Saudi Arabia continues to cut production to boost oil prices

VIENNA, 4 June 2023 (AFP). On Sunday, Riyadh announced a new cut in oil production after a meeting of major producers to support prices, despite fears of a recession.
At a meeting of the Organization of the Petroleum Exporting Countries (OPEC), consisting of 13 members, led by Saudi Arabia, and its 10 partners, led by Russia, there were difficult negotiations.
Saudi Arabia’s fresh production of one million barrels per day (bpd) is earmarked for July but “with the possibility of an extension,” Saudi Energy Minister Prince Abdulaziz bin Salman told reporters after a hours-long OPEC+ meeting at the group’s headquarters in Vienna .
Analysts mostly expected OPEC+ producers to keep their current policies, but this weekend there were signs that 23 countries are mulling deeper cuts.
In April, several OPEC+ members agreed to voluntarily cut production by more than one million barrels per day, a surprise move that briefly supported prices but did not lead to a sustainable recovery.
– ‘Everyone is happy’ –
Oil producers struggle with falling prices and high market volatility amid the Russian invasion of Ukraine that has shaken economies around the world.
Oil prices have fallen by about 10 percent since the April cuts were announced, with Brent crude falling to nearly $70 a barrel, a level it has not traded below since December 2021.
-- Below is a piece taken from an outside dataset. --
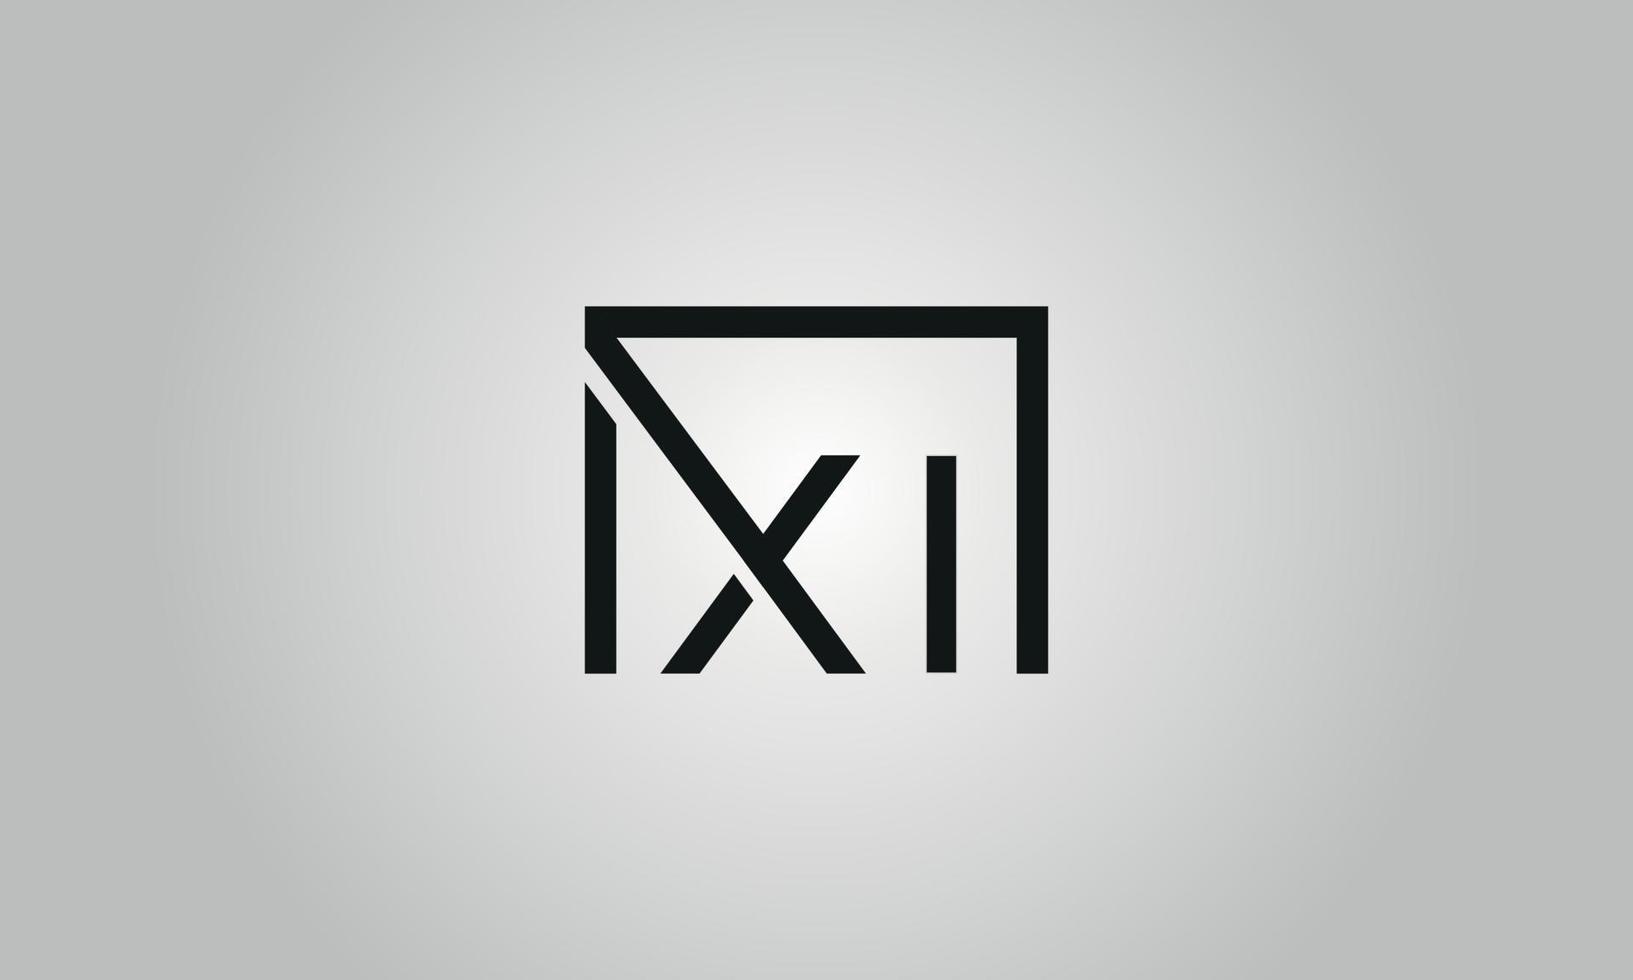 design de logotipo letra xi. xi logotipo com forma quadrada em cores pretas modelo de vetor livre.

Traders fear demand will fall and worry about the health of the global economy as the United States battles inflation and higher interest rates while China’s post-COVID-19 recovery slows.
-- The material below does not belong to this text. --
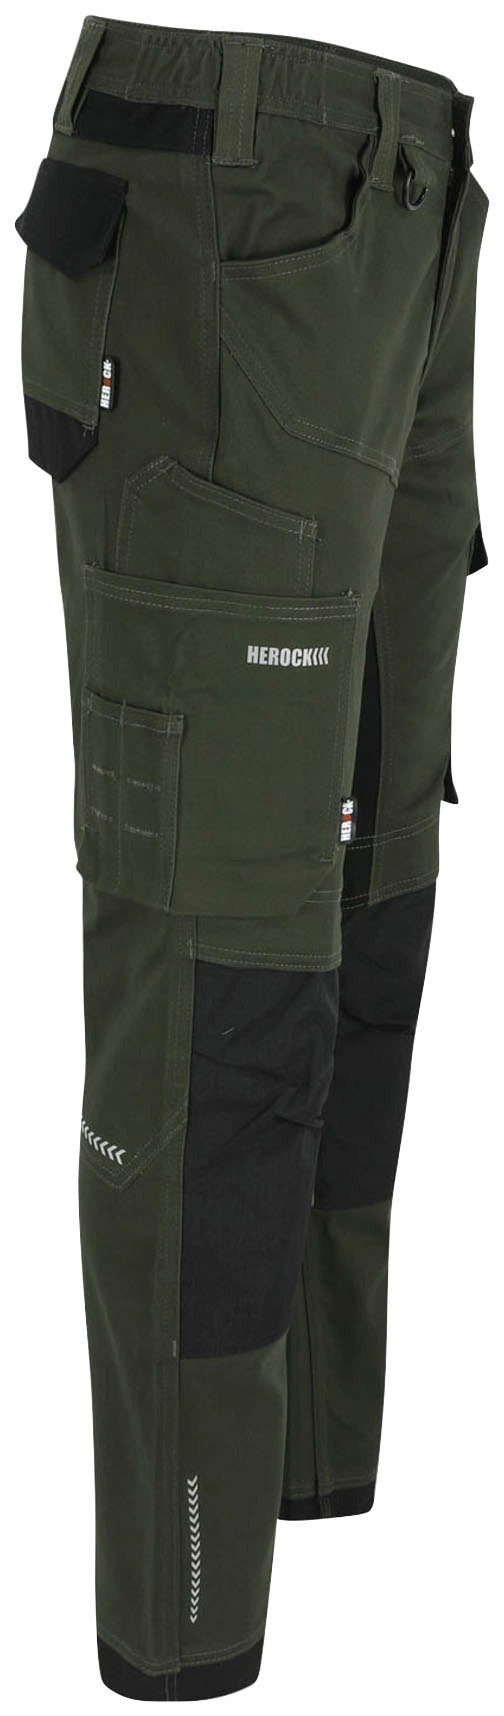 Herock Arbeitshose XENI Multi-pocket, Stretch, Baumwolle, weich khaki bequem und wasserabweisend

Russian Deputy Prime Minister Alexander Novak said the current production cuts are being extended until the end of 2024 after a “lengthy study” of the matter.
According to the OPEC+ table with required production levels for next year, the United Arab Emirates will be able to produce more than it currently has, while several countries, including Angola, the Republic of the Congo and Nigeria, have reduced their quotas.
Bloomberg reported that African countries were reluctant to give up some of their quotas despite failing to meet them.
“We have an agreement that everyone is happy with,” Bruno Jean-Richard Itua, Minister of Hydrocarbons of the Republic of the Congo, said after the meeting.
– “No disagreement” –
Sunday’s meeting was also closely watched, analysts said, as Russia sought to maintain its production while Saudi Arabia wants to raise prices to balance its budget.
“They showed again that they are working together… At the end of the day, it’s about what they agreed on,” said UBS analyst Giovanni Staunovo, adding that “the important part was to show unity.”
Russia depends on oil revenues as its war in Ukraine drags on and Western sanctions hit its economy and it supplies oil to India and China while Asian giants gobble up cheap oil.
On the other hand, according to Commerzbank analysts, Saudi Arabia’s break-even price is currently “a good $80 a barrel”.
In March 2020, the alliance was on the brink of collapse when Moscow refused to cut oil production despite the Covid pandemic causing prices to free fall.
After the talks failed, Riyadh flooded the market, ramping up exports to record levels before the two countries came to an agreement.
Asked if there was a disagreement with Saudi Arabia this weekend, Novak said: “No, we didn’t have a disagreement, it’s a common decision.”
Analysts say oil prices are expected to rise in the short term following Riyadh’s move.
“The question mark is the demand side of oil. If prolonged inflationary pressures lead to a downward revision in global oil demand, the supply cut could be reversed,” warned Tamas Varga, analyst at PVM Energy.
OPEC+ countries produce about 60 percent of the world’s oil. The next meeting of the group is scheduled for November 26.